Elsewhere, however, the 19th century has been obliterated by large-scale recontouring of land, high density development, quarrying, highway construction, or some other drastic change in land use. Civil war battles were often fought for possession of crucial transportation crossroads‑‑a fact that continues today to spur the necessities of modern growth and development. Only where modern highways and railroads have bypassed a once important settlement, such as Appomattox Courthouse, Virginia, does the 19th century landscape stand fully revealed to modern eyes. At the battlefield level, an understanding of the agrarian landscape, enables an assessment of what has been lost and what remains.
 
In addition to looking at the agrarian context of the war, some effort must be made to understand the landscape as the participants understood it. Many Civil War officers operated with a deficient understanding of regional topography, particularly in the first years of the war when reliable maps were almost non-existent. Columns were sent down the wrong roads, told to bivouac at villages that were impossibly distant, ordered to use fords that could not be located, and so on. Main roads were identified by the next major town, and farm roads by the name of a church, hamlet, or prominent resident along the route. Directions were given in terms of local residents (take the left fork at the Walker House), local watercourses (after crossing Plum Run), or local landmarks (just before you get to Widow's Peak at Keller's Mill). For an outsider, the local landscape could be hopelessly confusing, and often residents conspired to keep it that way.
 
Intelligence and Mapping

In the absence of reliable maps, military officers relied on the intelligence that could be gathered by scouts and topographical engineers.  This information, in turn, was often compiled into more reliable maps.
 
Because much of the Civil War was fought on Southern soil, Confederate officers typically had a better mental picture of the landscape. There were invariably soldiers in the ranks who were born and raised in an area and knew every back road and mule path. These men served as guides and assisted the preparation of more accurate maps. But many uncertainties remained. Although these guides knew their backyard intimately, many had never been ten miles from home and were unfamiliar with what was over the next ridge. It was up to the headquarters staff to piece together this mosaic of details to generate a useful picture of the region. A map produced during the war is important not only for the information it contains but for the information it leaves out, providing a clue to the user's ``mental topography.''
 
How did officers and individual soldiers orient themselves and locate their position within the landscape? Battle reports of both sides usually include place names for crossroads, farms, churches, hills and ridges, small streams, that could only have been learned on-site. Reports of brief actions on previously unknown ground sometimes include these details, presupposing an informal intelligence gathering effort on the part of officers and individual soldiers. ``So where are we?'' must have been one of the most asked question in the ranks, spurring someone familiar with an area to step forward with the answer or someone else to go to the nearest house or mill, find an inhabitant and ask the names of local residents and terrain features.
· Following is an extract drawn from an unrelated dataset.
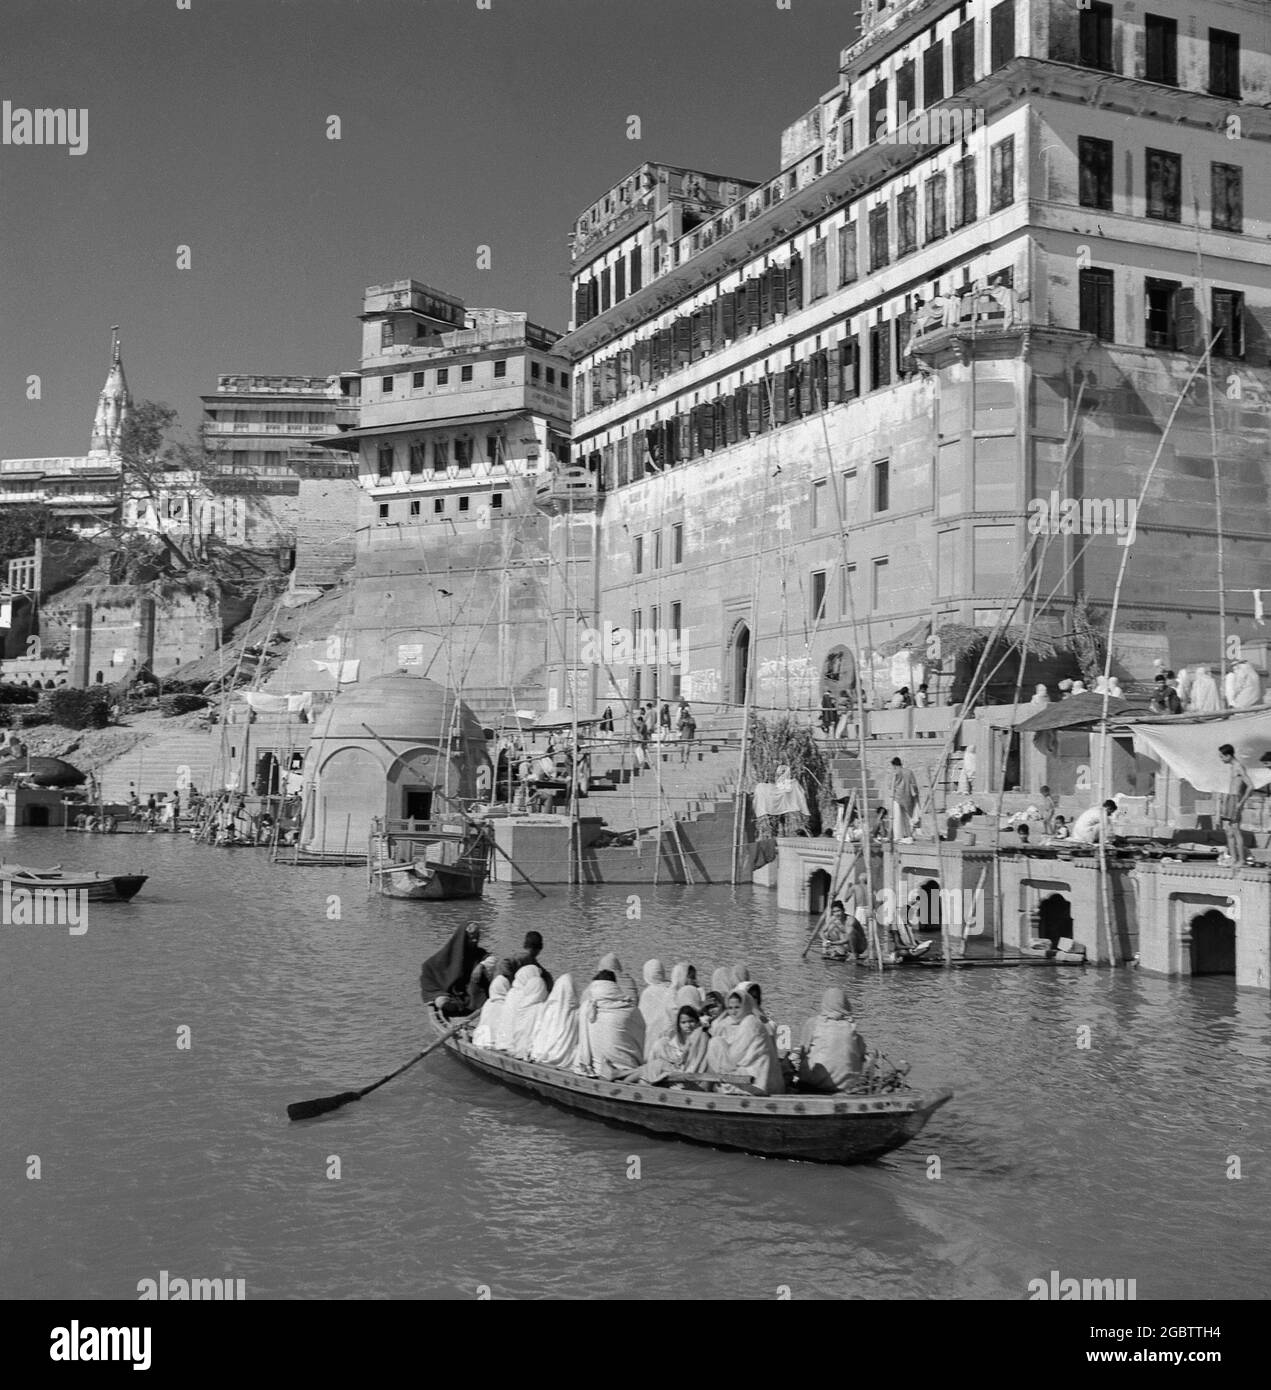 In den 1950er Jahren, geschichtlich, drängten sich Menschen in einem kleinen hölzernen Ruderboot auf dem Ganges-Fluss, Bernares, Indien. Der Fluss zieht Tausende von Pilgern zum Baden an seine Ufer, da sie als heilige Gewässer gelten. Stockfoto

This information was then disseminated by word of mouth to headquarters and through the ranks. Besides simply satisfying curiosity, one motivating factor would have been the desire to relocate at some future time, the bodies of comrades who might end up buried on the field. These details of location and terrain are what enable us today to match up the action with the landscape.
 
The most detailed military maps of both sides include names of some residents and streams, but very little terrain information except for the grossest elevation features. Sometimes rivers and streams were completely misplaced. This built-in uncertainty forced a commander to rely on scouts or pursue a first-hand reconnaissance to get a truer picture of the region through which he advanced.